AUTHOR=Qian Lang , Liu Xihui , Zhou Shichong , Zhi Wenxiang , Zhang Kai , Li Haoqiu , Li Jiawei , Chang Cai TITLE=A cutting-edge deep learning-and-radiomics-based ultrasound nomogram for precise prediction of axillary lymph node metastasis in breast cancer patients ≥ 75 years JOURNAL=Frontiers in Endocrinology VOLUME=15 YEAR=2024 URL=https://www.frontiersin.org/journals/endocrinology/articles/10.3389/fendo.2024.1323452 DOI=10.3389/fendo.2024.1323452 ISSN=1664-2392 ABSTRACT=Objective

The objective of this study was to develop a deep learning-and-radiomics-based ultrasound nomogram for the evaluation of axillary lymph node (ALN) metastasis risk in breast cancer patients ≥ 75 years.

Methods

The study enrolled breast cancer patients ≥ 75 years who underwent either sentinel lymph node biopsy or ALN dissection at Fudan University Shanghai Cancer Center.

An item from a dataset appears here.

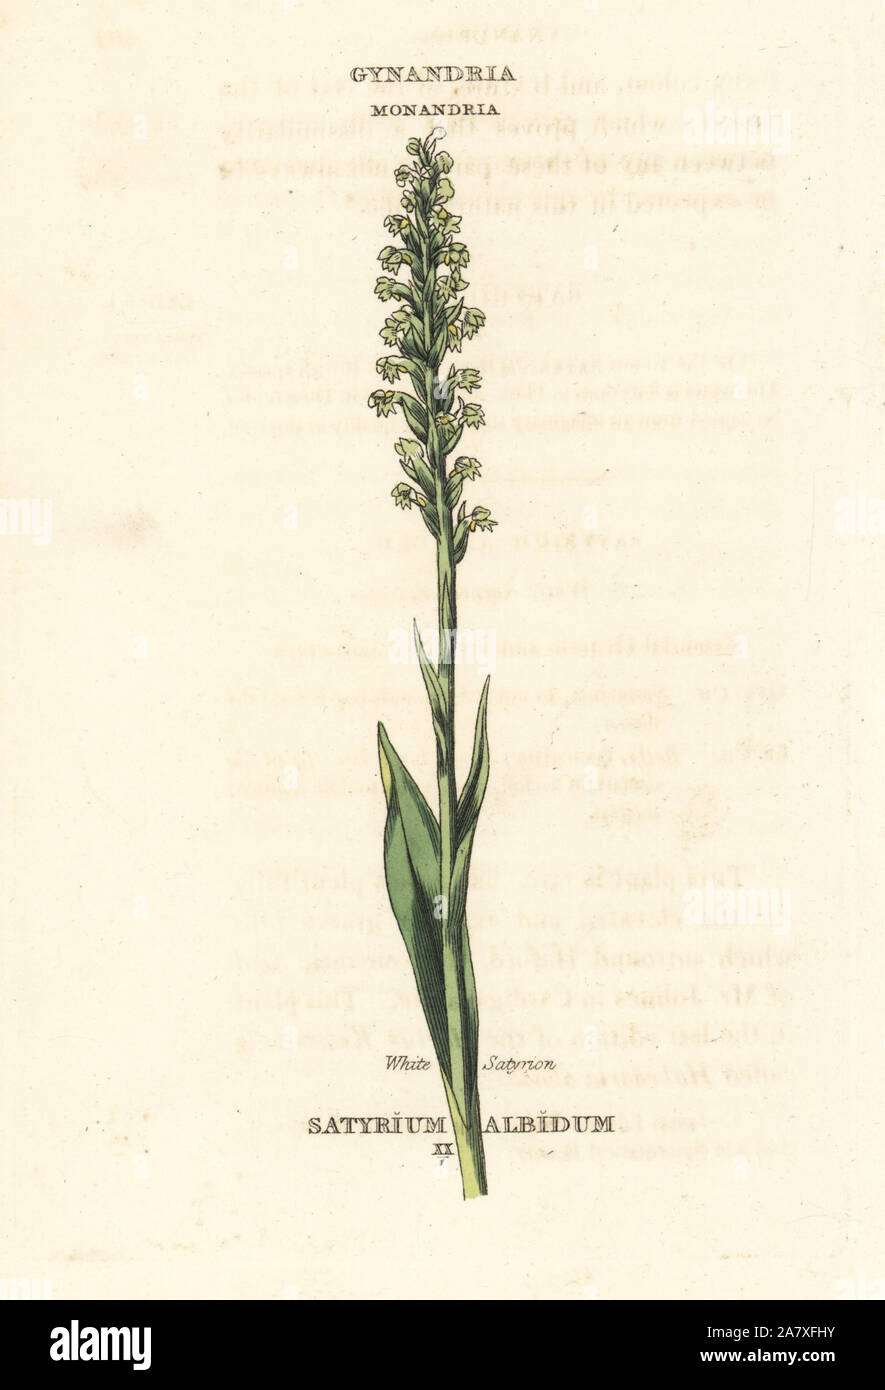 White satyrion orchid, Pseudorchis albida (Satyrium albidum). Handcoloured copperplate engraving after an illustration by Richard Duppa from his The Classes and Orders of the Linnaean System of Botany, Longman, Hurst, London, 1816. Stock Photo
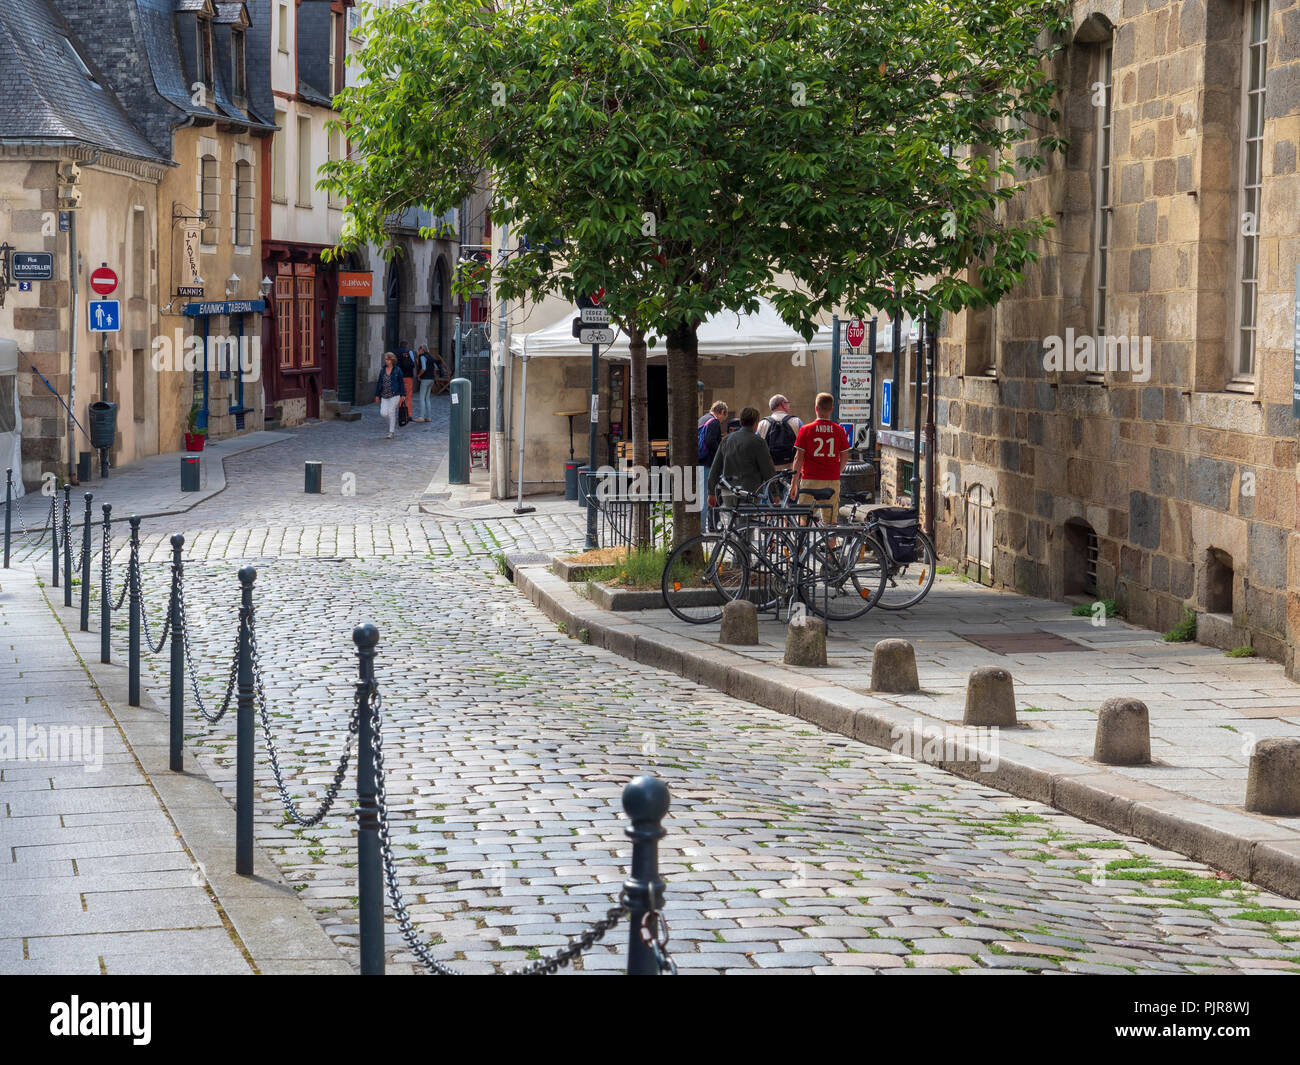 Half-timbered houses and cobbled streets, old Rennes, France. Stock Photo

DenseNet-201 was employed as the base model, and it was trained using the Adam optimizer and cross-entropy loss function to extract deep learning (DL) features from ultrasound images. Additionally, radiomics features were extracted from ultrasound images utilizing the Pyradiomics tool, and a Rad-Score (RS) was calculated employing the Lasso regression algorithm. A stepwise multivariable logistic regression analysis was conducted in the training set to establish a prediction model for lymph node metastasis, which was subsequently validated in the validation set. Evaluation metrics included area under the curve (AUC), accuracy, sensitivity, specificity, positive predictive value, negative predictive value, and F1-score. The calibration of the model’s performance and its clinical prediction accuracy were assessed using calibration curves and decision curves respectively. Furthermore, integrated discrimination improvement and net reclassification improvement were utilized to quantify enhancements in RS.

Results

Histological grade, axillary ultrasound, and RS were identified as independent risk factors for predicting lymph node metastasis. The integration of the RS into the clinical prediction model significantly improved its predictive performance, with an AUC of 0.937 in the training set, surpassing both the clinical model and the RS model alone. In the validation set, the integrated model also outperformed other models with AUCs of 0.906, 0.744, and 0.890 for the integrated model, clinical model, and RS model respectively. Experimental results demonstrated that this study’s integrated prediction model could enhance both accuracy and generalizability.

Conclusion

The DL and radiomics-based model exhibited remarkable accuracy and reliability in predicting ALN status among breast cancer patients ≥ 75 years, thereby contributing to the enhancement of personalized treatment strategies’ efficacy and improvement of patients’ quality of life.